How to move for mental health
When it comes to exercising for mental health, it is wise to start by understanding the person/yourself as much as you can and match ‘movement’ prescription to the whole picture – not just a desired goal/pb. This means getting clear about:
- the emotional and psychological state or illness that you/someone you are coaching may be experiencing (i.e. anxiety or low mood)

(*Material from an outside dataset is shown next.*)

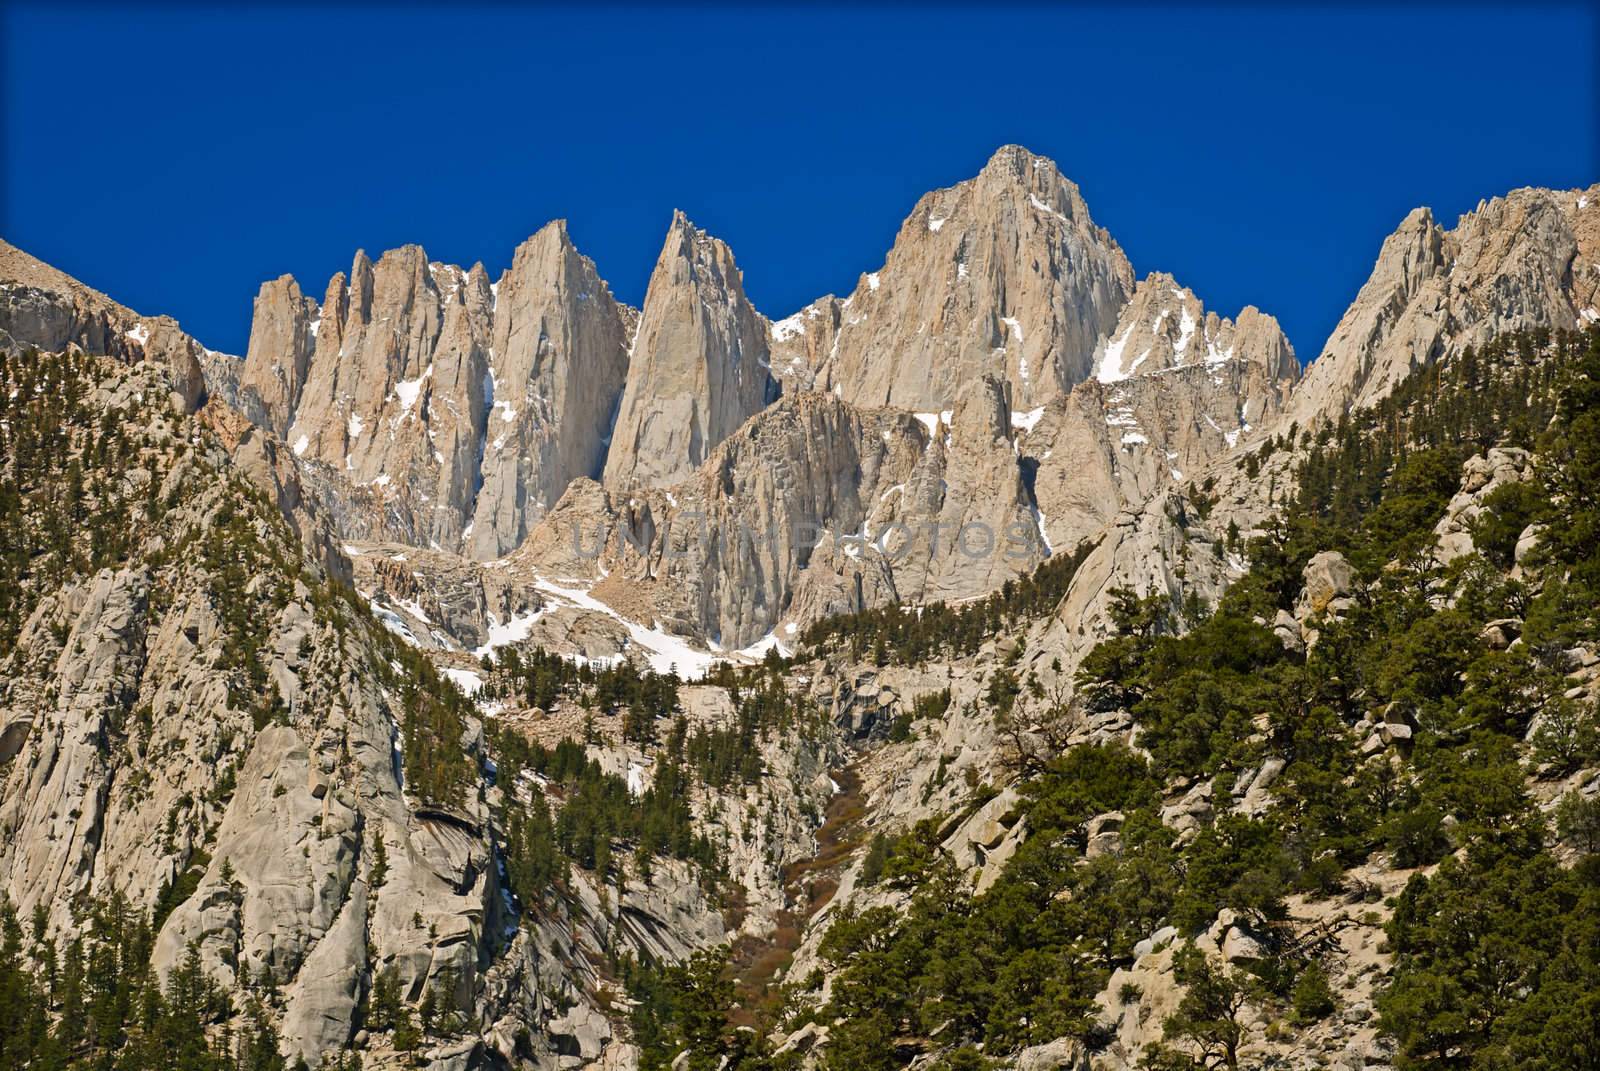 Mt. Whitney (right) (elevation: 14,497 ft. above sea level, highest peak in Lower 48), seen from Whitney Portal Road, Inyo County, CA, USA

- how long they/you been experiencing ill health for? Is it short term or chronic ill health?
- what (if any) physical symptoms (e.g. fatigue, pain) or illnesses (e.g. type 2 diabetes or IBS) do they/you also have? (most people who experience mental illness also experience co-morbidities that can inhibit performance during exercise).
Once you’ve established all of this, it will be clearer as to what type of ‘activity/energy expenditure’ is sensible for you or someone you coach. I have outlined my definition of options below in order of effort/difficulty. This may seem like semantics but it’s much the opposite. Coaching/training is most effective when we can be specific. Matching movement to mental health is no different.
- Movement: Any movement that requires energy to be used (includes activities such as housework or gardening)
- Physical Activity: Programme of movement (often unstructured) that includes intentional non-essential acts of energy expenditure (such as going for a walk, jog, bike ride, or doing a workout DVD).
- Exercise: Structured, programme of exercise targeting specific goals/objectives
- Training: Periodised and systematic preparation for high levels of performance (both professional and recreational athletes)
Where to start?
If you are reading this and want to embark on a programme of movement to manage your mental health, my advice is to be cautious and modest in your approach. Quite often people start by doing far too much because they are inspired by huge challenges achieved by others around them or on social media. Running marathons, ultramarathons, and even completing multi-day events have become the ‘norm’ as people attempt to overcome mental health problems. And all of this is incredible. It’s fantastic to see so many people manage anxiety or depression in this way. After all what could be better for you, exercise is healthy, right?
Well, less is better for you. Why?
The issue comes when the marathon/challenge is over and fatigue or injury kicks in and people move on to the next post on social media leaving you to manage your mental health with limited resources.
What then? A harder/new challenge?
If you’re exhausted or injured, exercise or more specifically ‘training’ on top of this will simply push you into overreaching/overtraining meaning you’re at risk of not being able to manage mental health how you’d like.
If you’re starting off on a journey to manage your mental health or you’re a coach working with someone with mental health difficulties, my advice is less is often more! This isn’t just my opinion either. Research has shown that for most people experiencing mental illness being ‘moderately active’ can be sufficient to improve mood, manage anxiety and improve resilience to stress. This consists of 30-40 minutes moderate-intensity movement/physical activity, five days a week.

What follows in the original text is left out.